From Table 6, we see that the average CV of clinical pathways is about 0.45. The average CV of the original DBC codes given by the medical specialist is 1.63 using 24,417 distinct codes! Hence, the clinical pathways segment the DBC data set into a smaller number of more homogeneous groups.

Step 2: Determining the relation between clinical pathways and the DBC codes and refining treatment type

After having identified the clinical pathways, each DBC in the central data warehouse has two labels, a label corresponding to the DBC code of the DBC and a clinical pathway label. As discussed before, the DBC codes segment the set of DBCs in a huge number of cost inhomogeneous subsets of care episodes, whereas the care paths segment the episodes in a small number of cost homogeneous subsets. The relation between DBC code labels and clinical pathway labels can be visualized as shown in Fig. 9. Here, we see how the episodes with the same DBC code are distributed over different clinical pathways. If a DBC code is distributed over many clinical pathways, such as DBC code 3 in the example, then the DBC code represents an inhomogeneous set of DBCs. By representing the relation between DBC codes and clinical pathways as in Fig. 9, we have a useful tool to increase the cost homogeneity of the DBC codes and to cluster DBCs in a small number of product groups.

Fig. 9
figure 9

Distribution of DBCs over clinical pathways (named care paths in this figure). Example for 4 DBC codes (labelled DBC 1 to DBC 4). The grey value in each block reflects the percentage of DBCs with code x that are also in clinical pathway y. For example, 100% of the DBCs that have been registered under code DBC 1 are also in clinical pathway 74. DBC code 2 is distributed 50-50% over clinical pathways 74 and 341. The index of each clinical pathway corresponds to average costs of the DBCs in the path

The cost homogeneity of DBC codes is increased by refining the treatment type component of the code so that the relation between DBC codes and clinical pathways becomes less fuzzy (e.g., DBC3 in Fig. 9). As an example, the former treatment component in the DBC codes of General Surgery specifies whether the treatment is conservative (without surgery) or with surgery. The most important refinement is that we include the setting of the treatment, i.e., whether the surgery was in ambulatory care, day care, or clinical care. In General Surgery, this refinement decreased the average cost inhomogeneity (=standard deviation/mean) of the DBCs from 1.05 to 0.53! A similar reduction of the cost inhomogeneity with a factor 2 has also been established for other medical specialties.Footnote 11

The task of refining the DBC code is done with great care. On the one hand, we have the inhomogeneity problem caused by the fact that some DBC codes are not specific enough, and on the other hand, there is a danger in making the DBC codes too specific.
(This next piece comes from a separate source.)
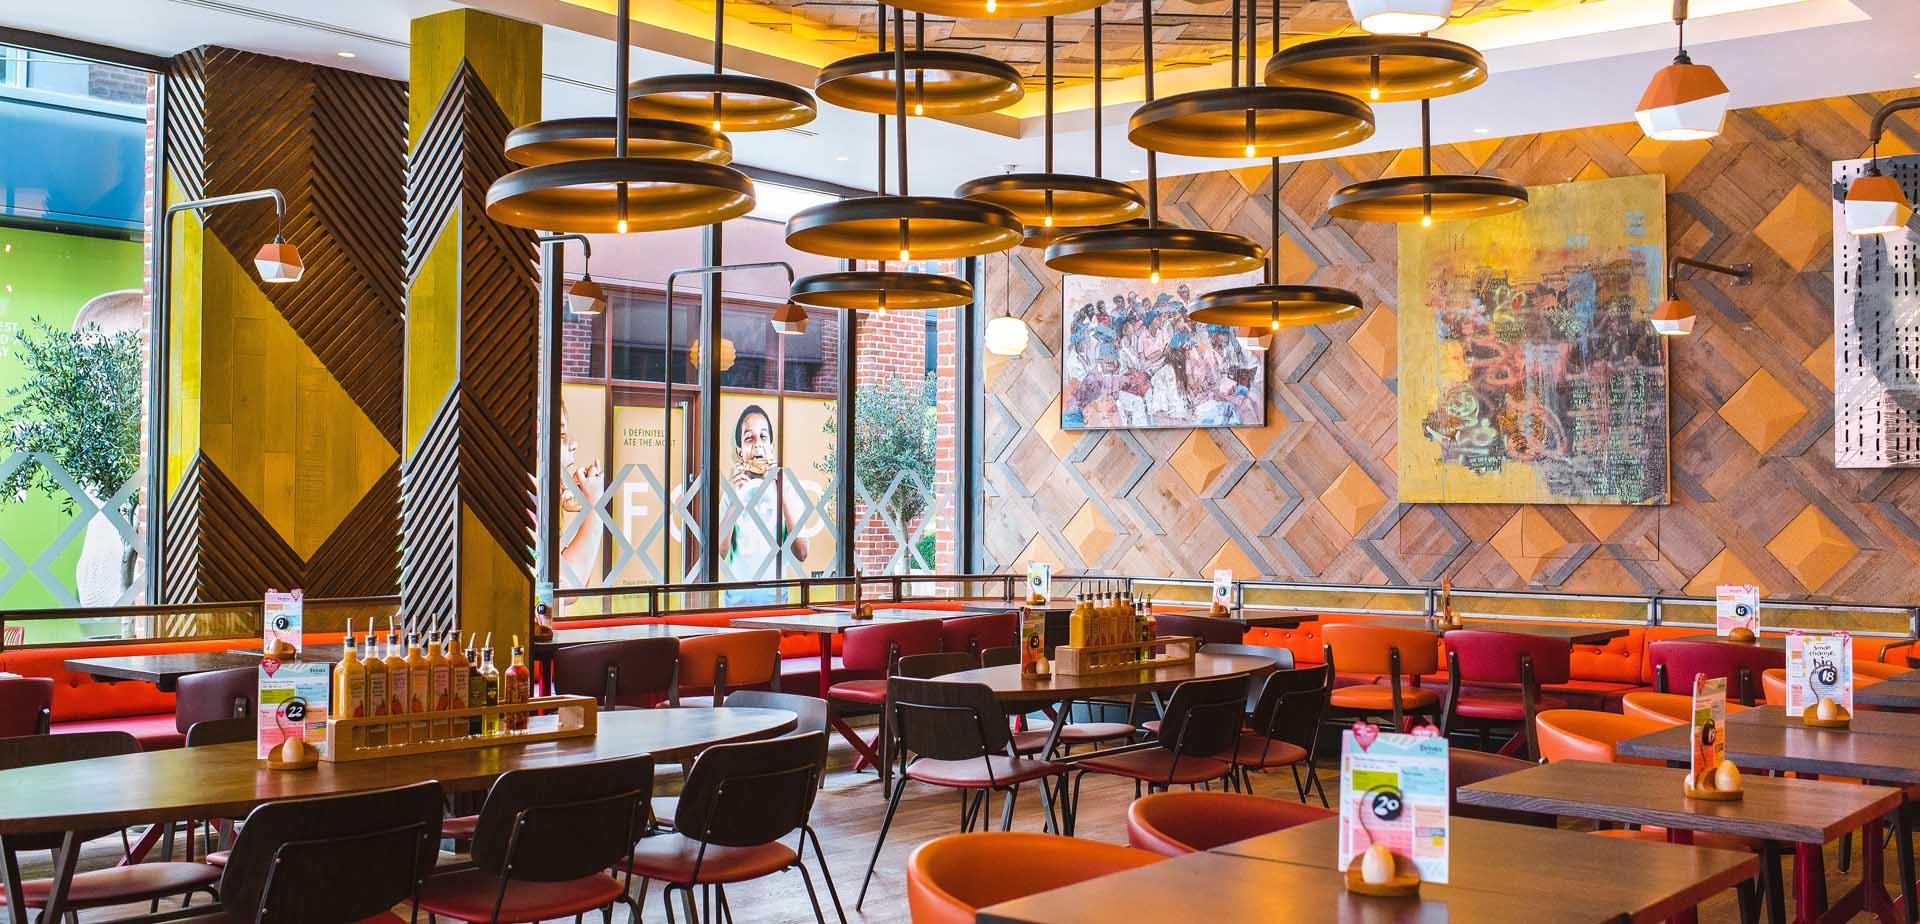 Nandos restaurant inside

Both situations could lead to unwanted incentives like cherry picking, i.e., refusing to help patients who are expected to generate more costs than the reference price, and up-coding, i.e., if it is not clear to which product a care episode should be assigned, it is tempting to choose the most expensive one.

In this section, we have explained the method by which new treatment codes are introduced which maximally improve the mapping between DBC codes and clinical pathways. The result of this procedure is given in Table 7. The average CV is reduced with almost a factor 2. Most effect was scored by separating surgical and conservative treatments and separating clinical care, day care and outpatient care. Also, introducing separate codes for expensive prosthesis had a large effect, especially in orthopaedic surgery. Another improvement is owed to cleaning up inconsistencies between DBC codes and activity profiles. For example, if the doctor used a treatment code indicating surgery and no surgical procedure was in fact registered in the DBC profile, then the treatment code was replaced with a conservative treatment code, indicating the DBC was performed without surgery. The total number of distinct codes remained roughly the same: it reduced from 6,422 to 6,334 codes (excluding codes with less than 5 observations).

Table 7 Effect of refining the treatment codes on the average cost homogeneity

Step 3: Defining product groups

As explained in Sect. 3.4, each patient episode of care (i.e., each DBC) has a DBC code and it can be attributed to a clinical pathway. In other words, DBC codes and clinical pathways are two alternative ways to group DBCs. Hence, if we take a particular DBC code, we will see that the DBCs with this code fall in different clinical pathways (Table 8).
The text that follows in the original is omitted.